Data excerpts
=== Section Start ===

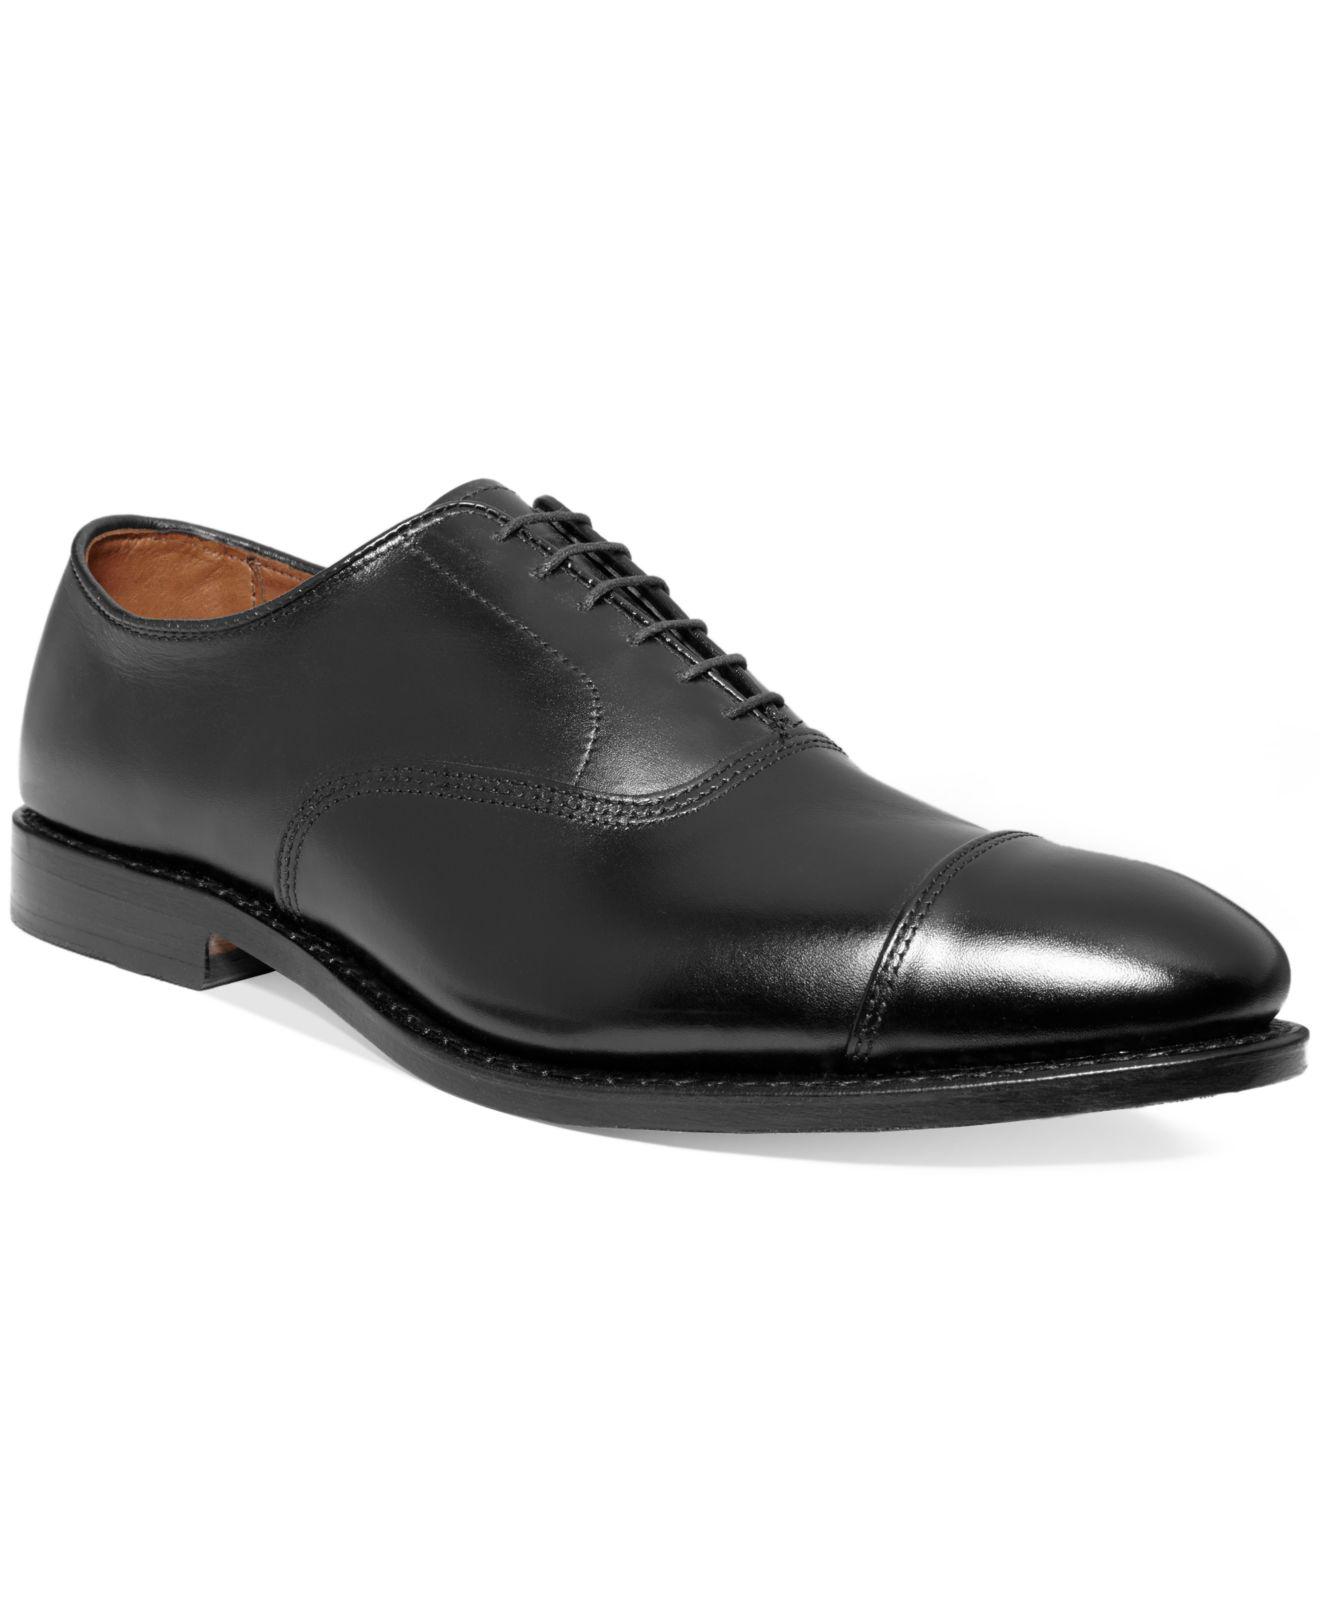 Allen Edmonds Park Avenue Cap-toe Oxfords in Black for Men - Lyst
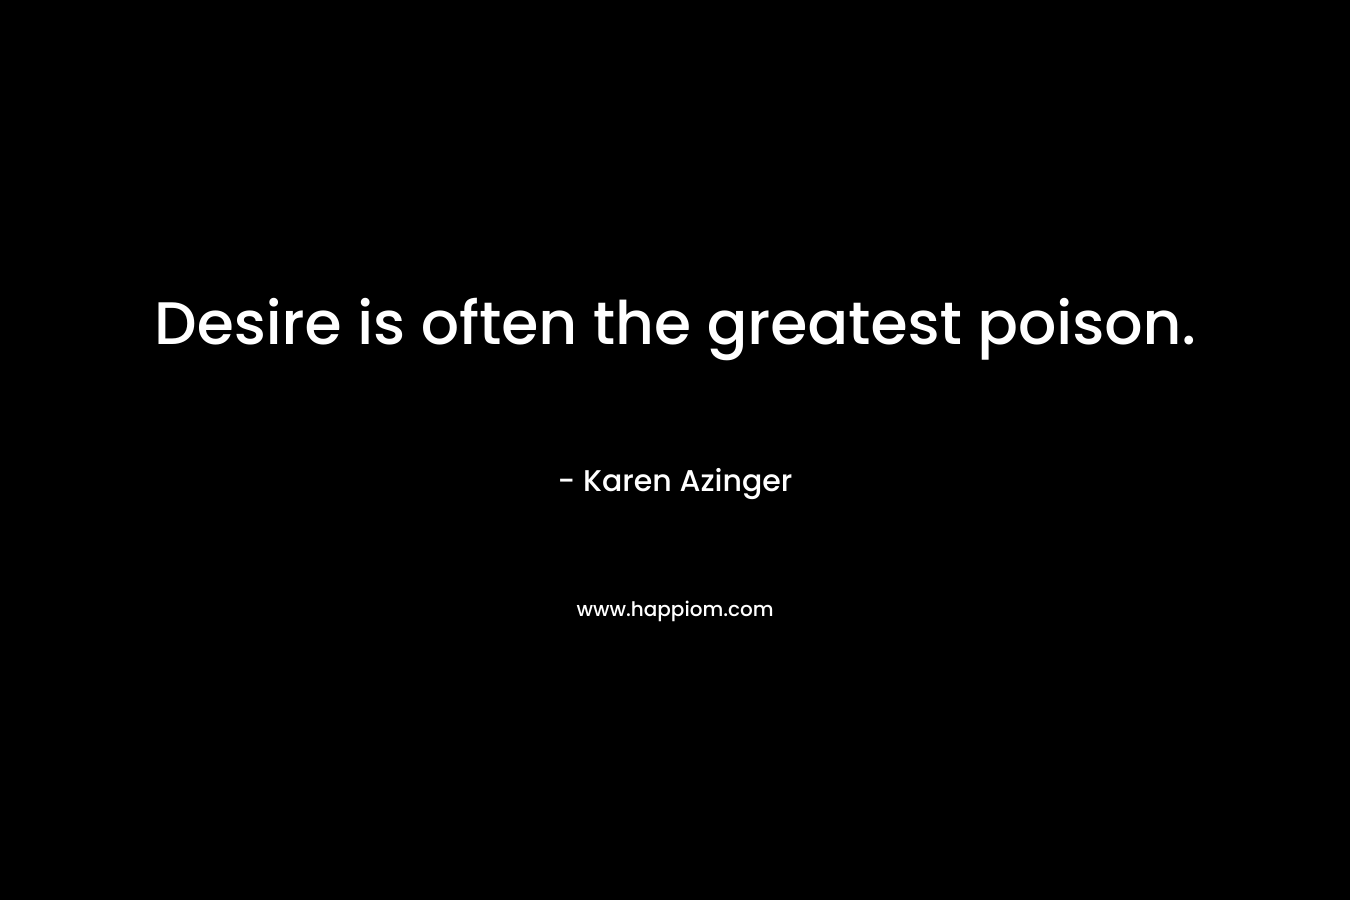 Desire is often the greatest poison.
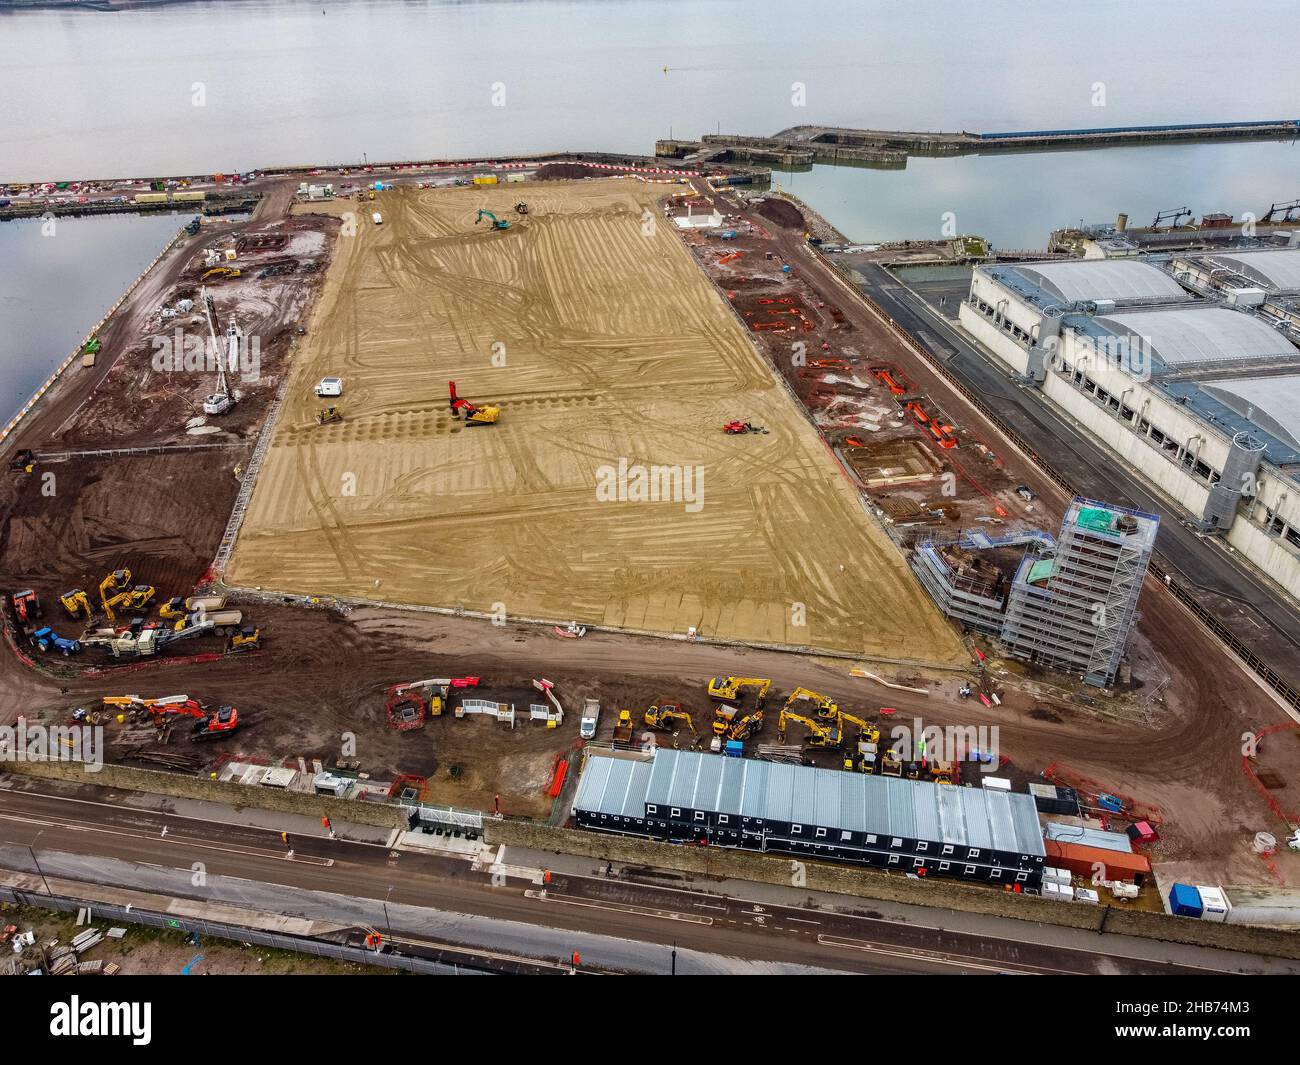 Eine Luftaufnahme der Bauarbeiten auf dem Gelände des neuen Stadions des Everton Football Clubs, das am Bramley-Moore Dock errichtet wird. Bilddatum: Freitag, 17. Dezember 2021. Stockfoto
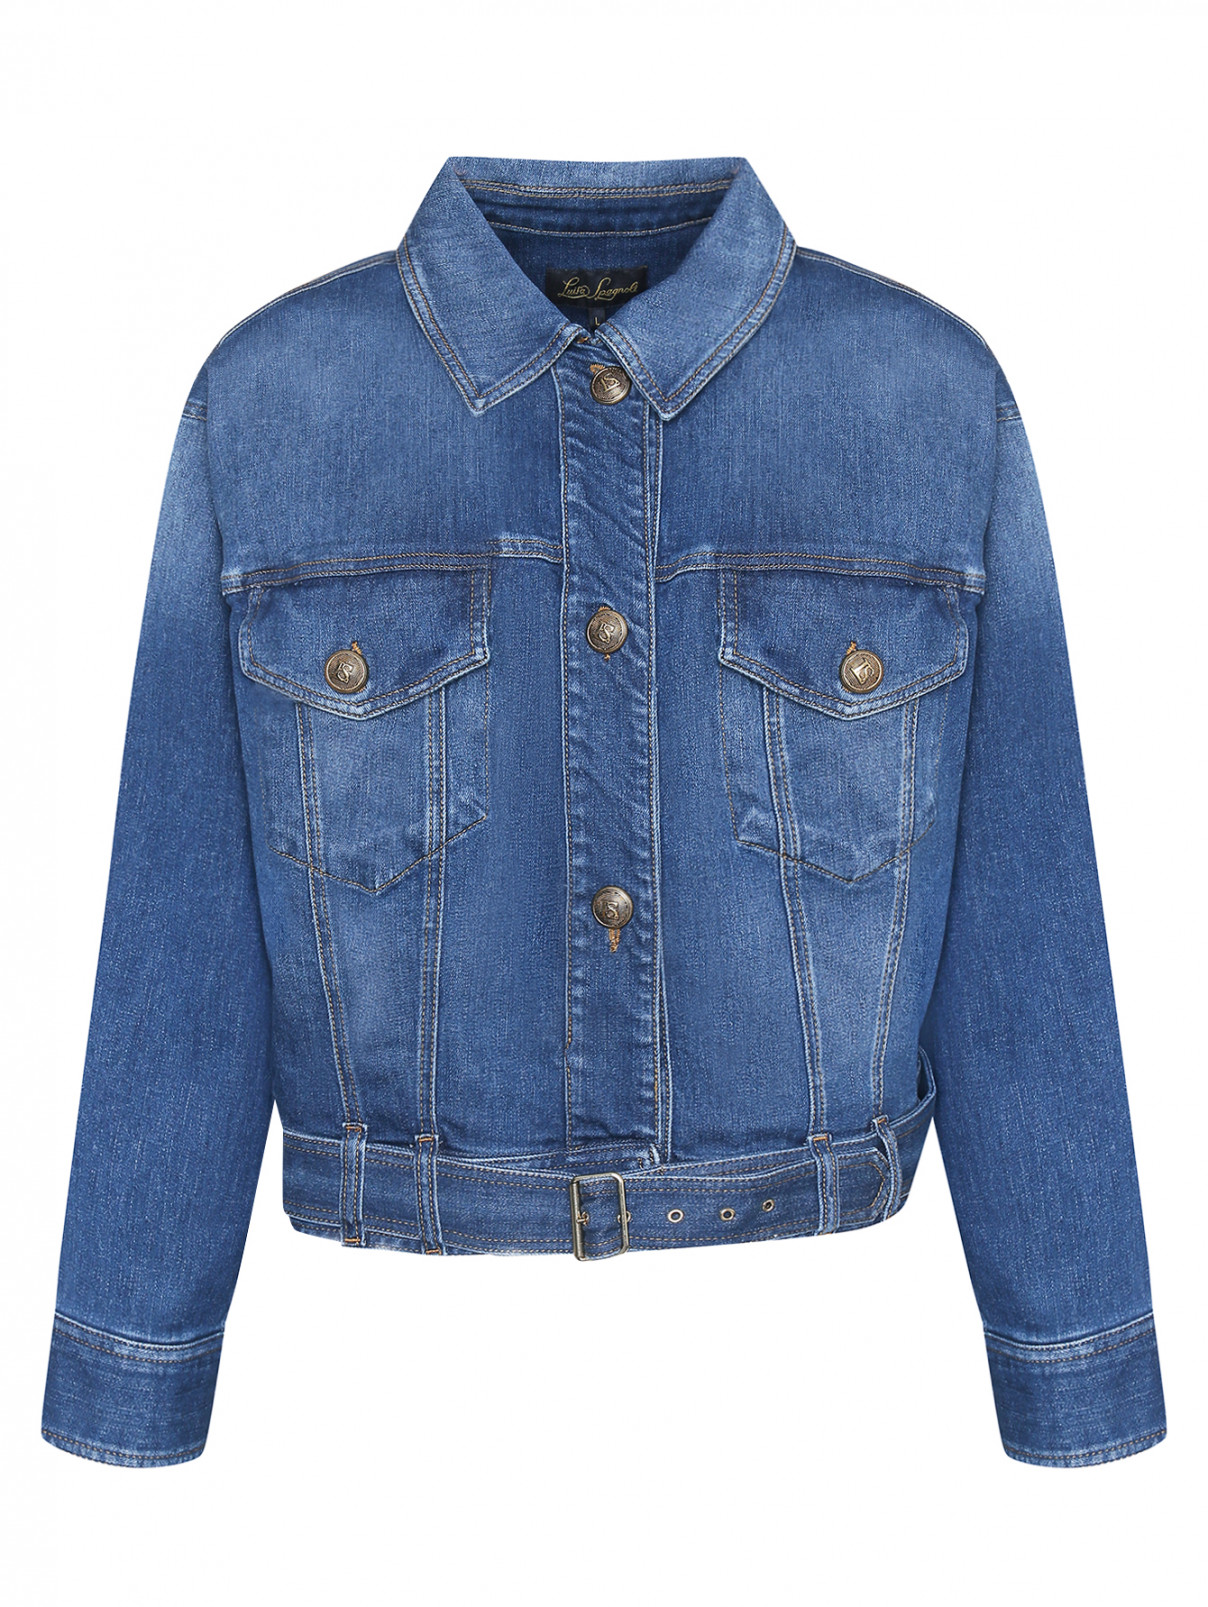 Джинсовая куртка с карманами Luisa Spagnoli  –  Общий вид  – Цвет:  Синий
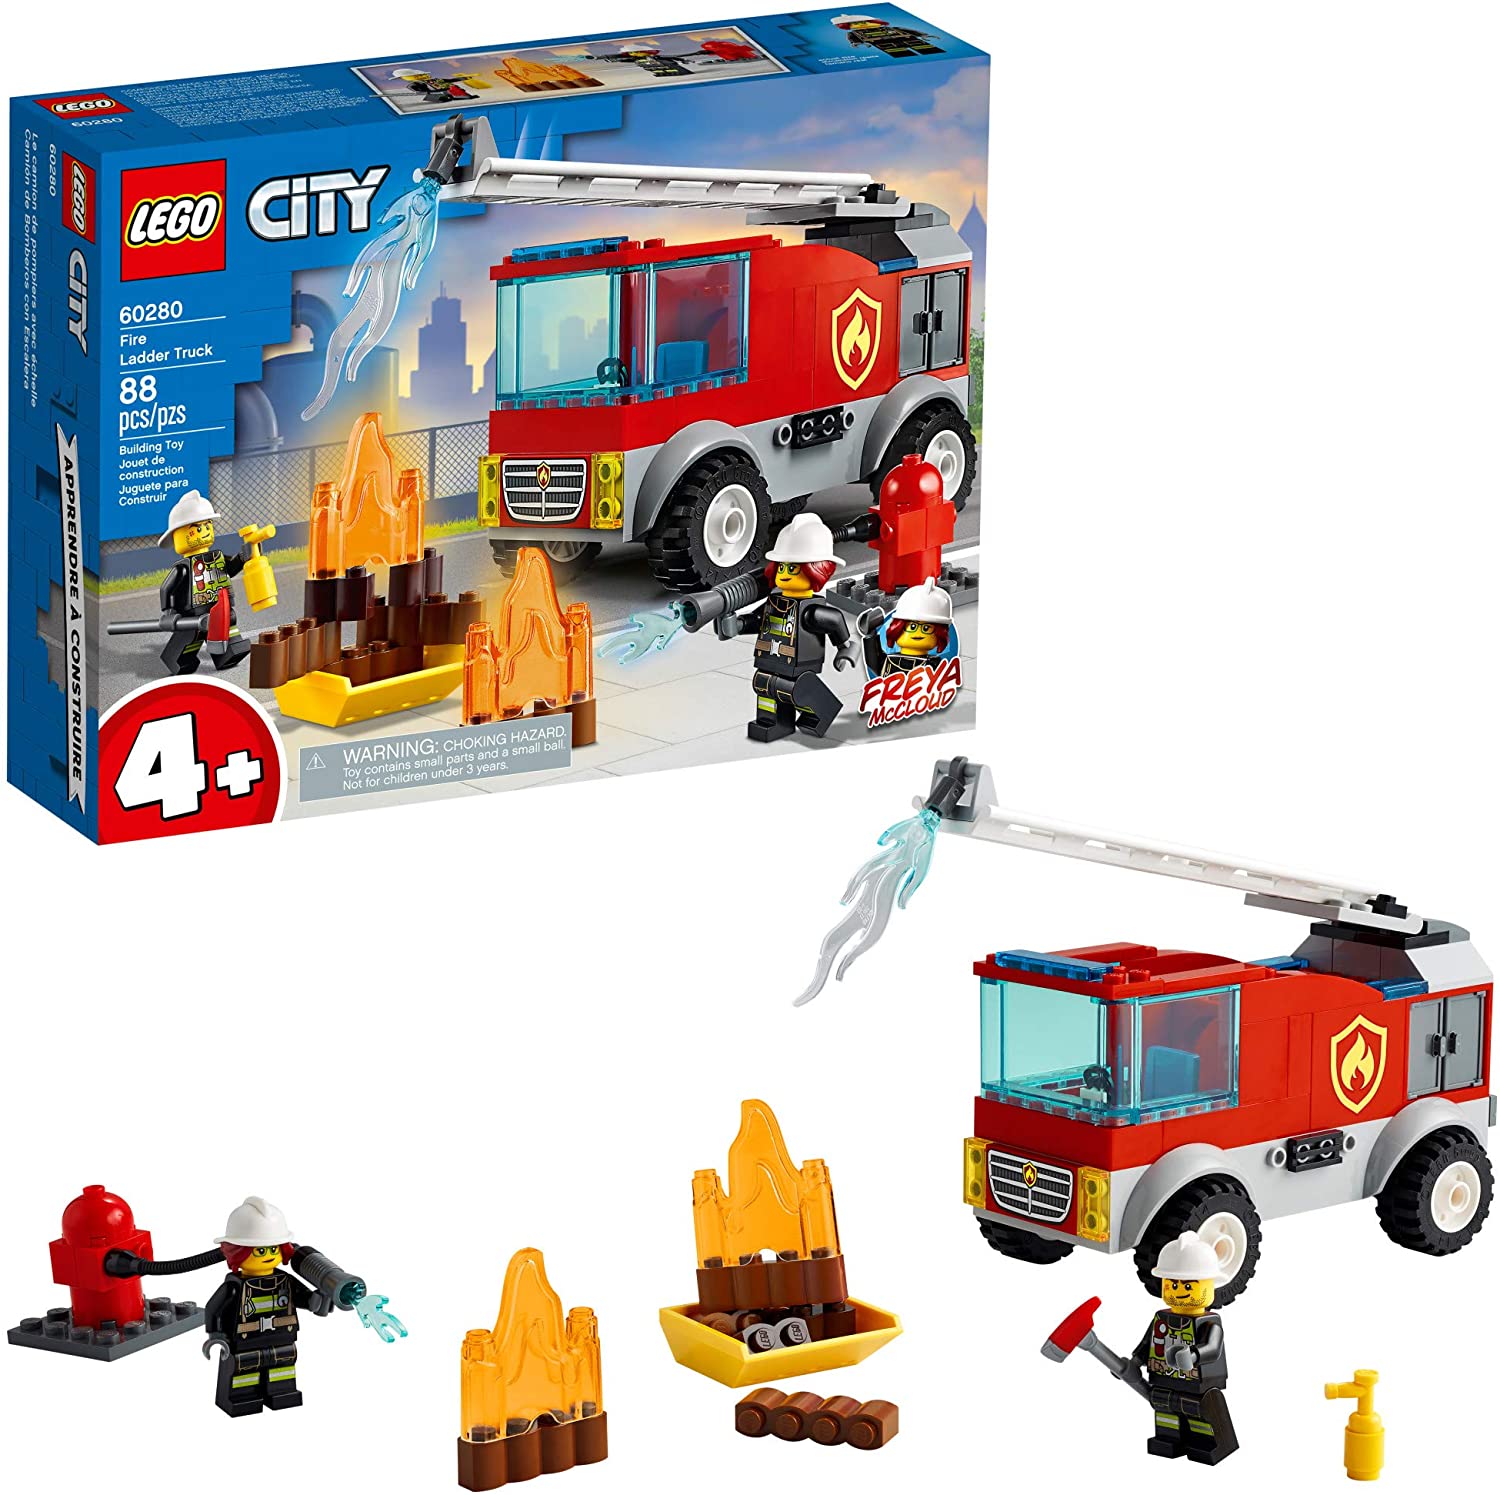 LEGO City Fire Ladder Truck  60280

=== Section End ===

■ **About this task**: An exact copy of the entries, without any pictures, is what the answer should be.

■ **Solution to this task**:
 Allen Edmonds Park Avenue Cap-toe Oxfords in Black for Men - Lyst
 Desire is often the greatest poison.
 Eine Luftaufnahme der Bauarbeiten auf dem Gelände des neuen Stadions des Everton Football Clubs, das am Bramley-Moore Dock errichtet wird. Bilddatum: Freitag, 17. Dezember 2021. Stockfoto
 Джинсовая куртка с карманами Luisa Spagnoli  –  Общий вид  – Цвет:  Синий
 LEGO City Fire Ladder Truck  60280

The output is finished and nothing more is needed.